Поминки устраивали в Доме творчества. Мы плакали и резали салаты, делали бесконечные бу­терброды, а люди шли и шли. Сидели чиновники в дорогих костюмах и дорогих часах, выпивали... Что их-то сюда принесло, в наш бедный Дом?

Вдруг один из них встает с рюмкой в руках и прямо видно – плачет: "Я тот самый... неблагопо­лучный парень. Сидели в подворотне. Она меня из такого дерьма вытащила... Я уже пил, на наркоте сидел, всё прошёл. Она меня заставила всё бросить, лечила, кормила, выучила. Годами "тянула", пока я в институт не поступил.
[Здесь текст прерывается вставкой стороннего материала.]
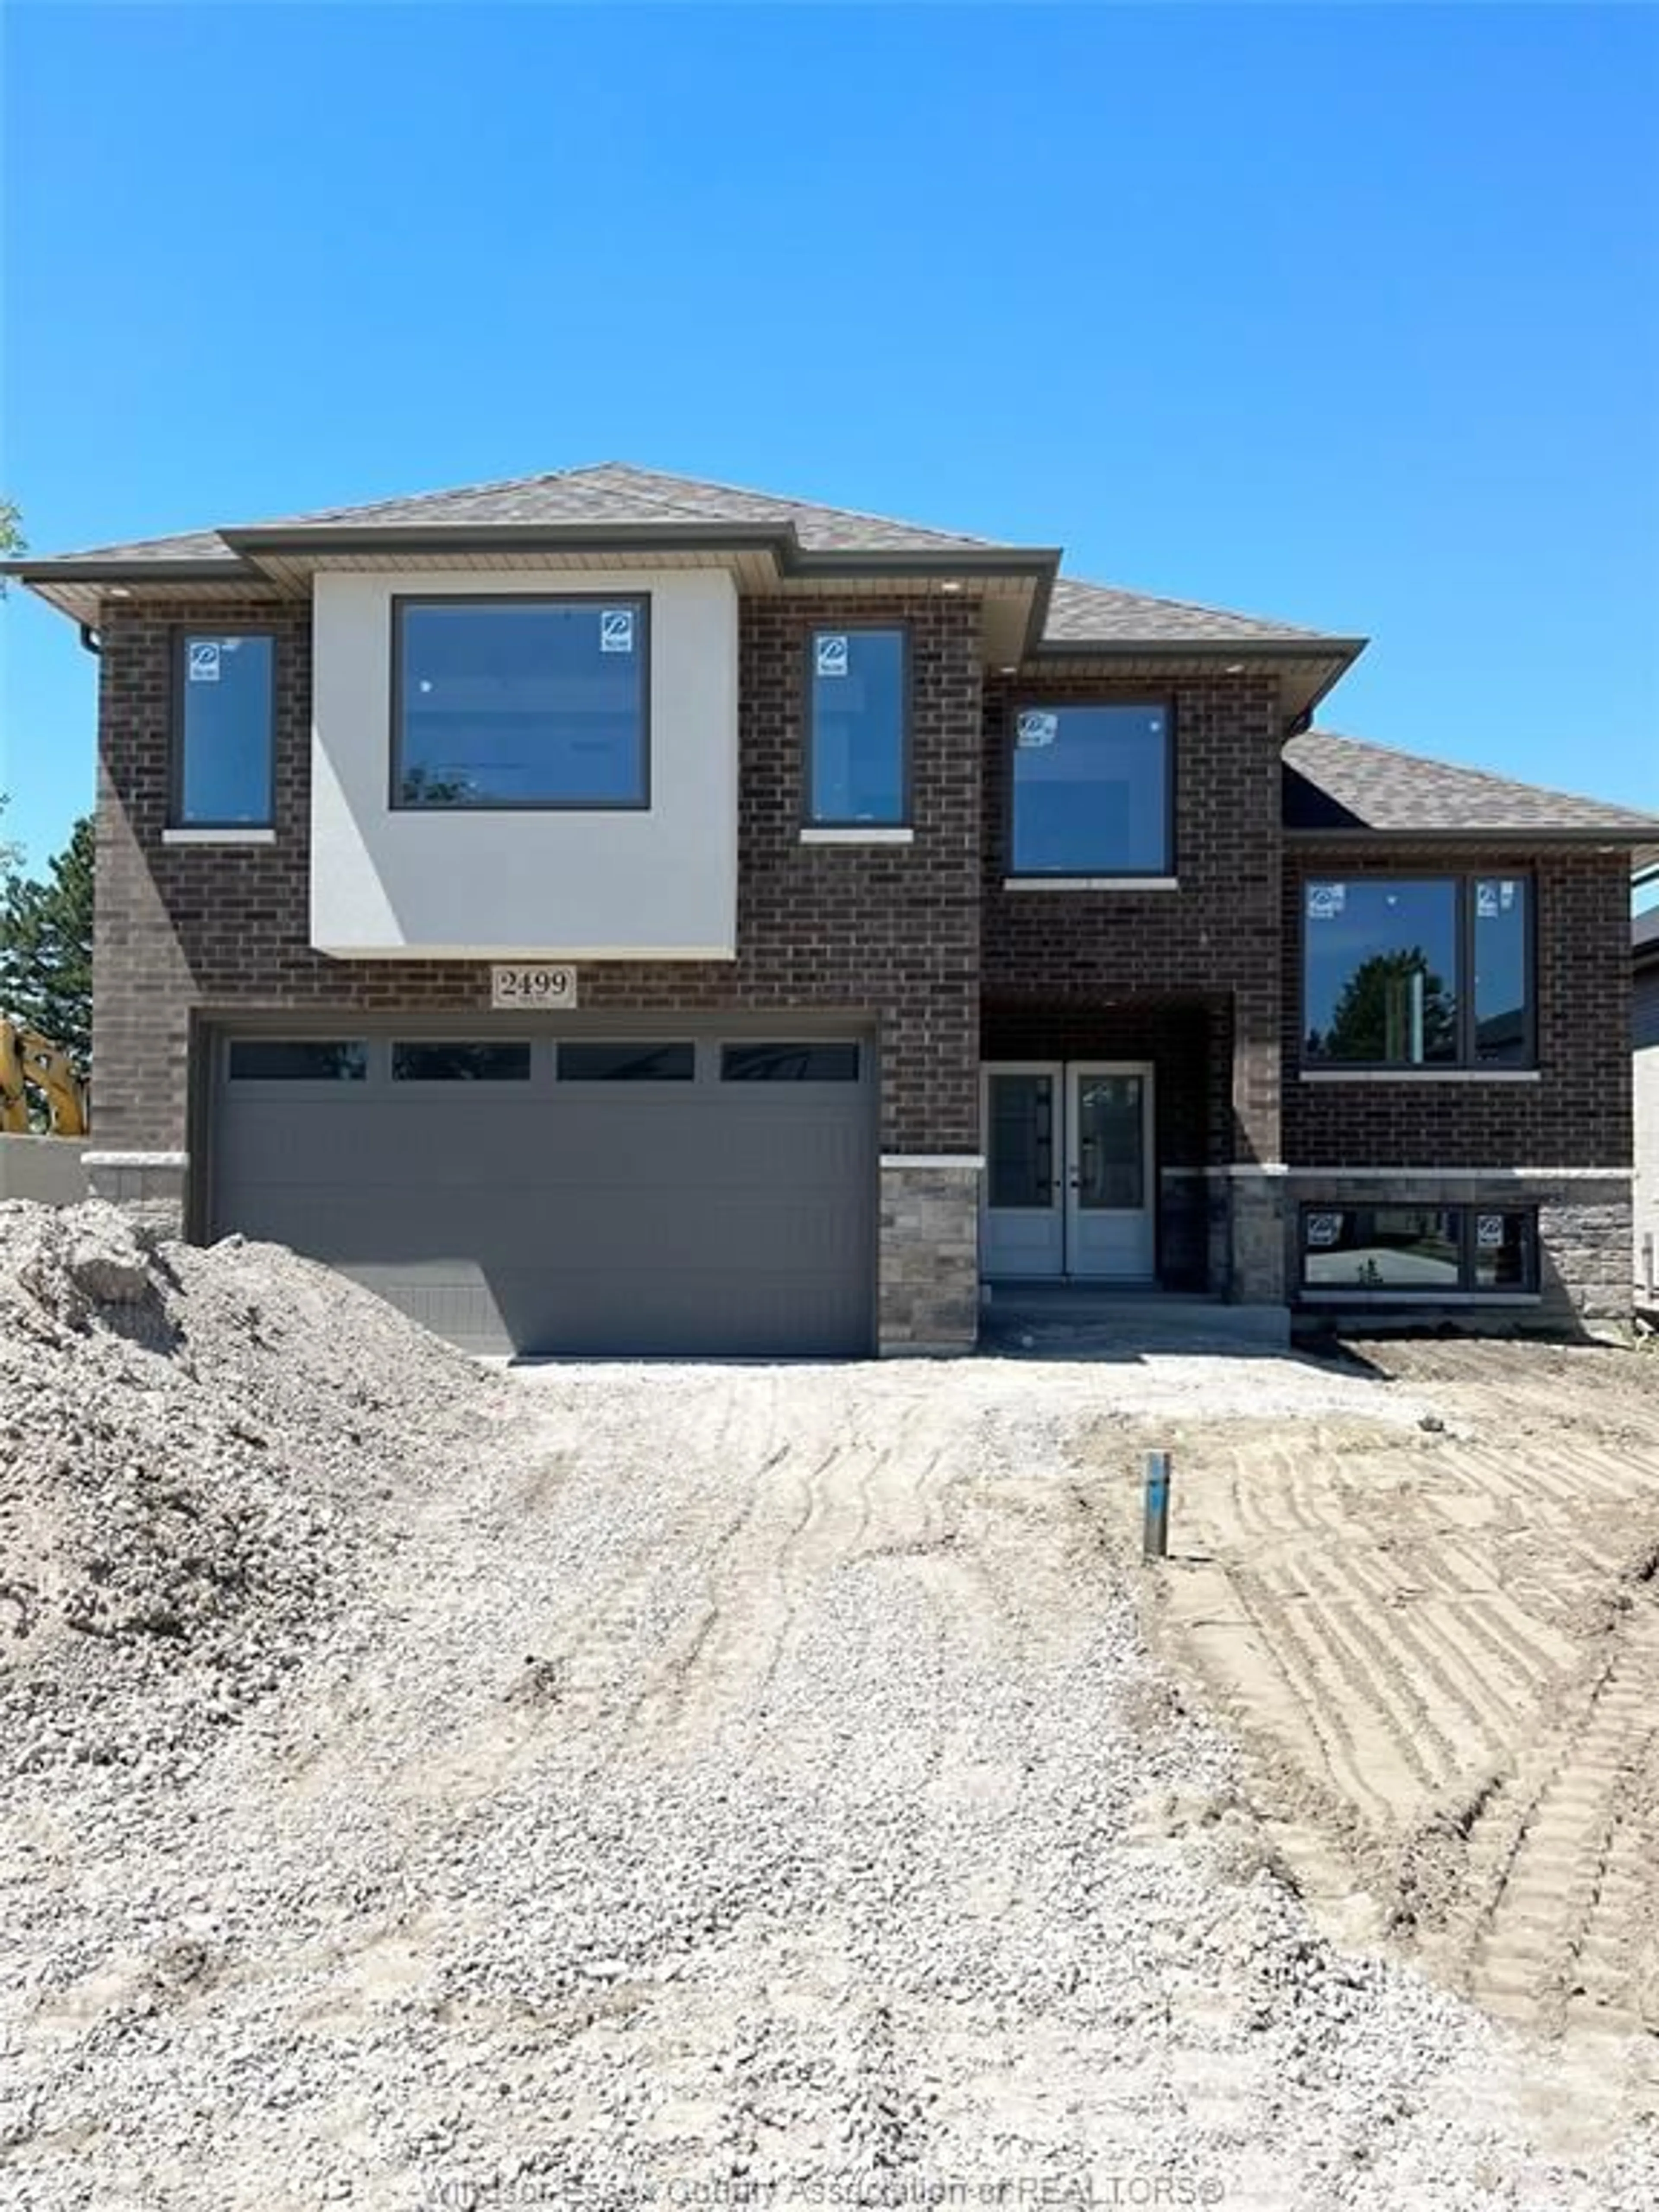 Home with brick exterior material for 2499 ROXBOROUGH, Windsor Ontario N9E 0A9

Она мне была как мать, у меня никого ближе не было... Теперь её нет... Это же несправедливо, что её нет!.."

Вот тебе и чиновник в пиджаке.

Таких "вытащенных из подвалов" было много! 3а эти несколько дней, что шли и шли поминки, мы наслушались всяких историй от людей, на вид вполне респектабельных и благополучных.

И стало ясно: она СПАСАЛА. По-настоящему, ничего не жалея – ни времени, ни сил, ни собствен­ных денег.

Да когда же она все это успевала – подбирать детей с улицы, "тащить" их наверх, "в люди", заряжать оптимизмом, учить, лечить, руководить "Домом" (а ведь и кипы документов оформляла, отчёты писала – вечно стол был завален этой маку­латурой!), и о днях рождения помнила. Когда она успевала обо всех нас помнить, наших учеников поздравлять с победами на конкурсах, дарить шо­коладные медальки!

Многие героические эпизоды, о которых расска­зывали нам наши доверчивые родители, верящие до последнего, что все зверства и ужасы советской действительности были "перекосами" и "переги­бами", а "чистые руки, горячие сердца" должны были делать революцию и руководить "поездом в коммунизм" – многие романтические страницы нашей истории оказались ложью, пропагандой для "молодого племени" в пионерских галстуках. Например, когда я была маленькой, папа мне рас­сказывал известную легенду про наркома питания, упавшего в голодный обморок на каком-то пра­вительственном совещании. "Ты понимаешь, это был честнейший человек! Он мог взять что угодно! Он мог съесть всё, что хотел, – пожалуйста! А он голодал вместе со всей страной. Это был коммунист ленинского типа"!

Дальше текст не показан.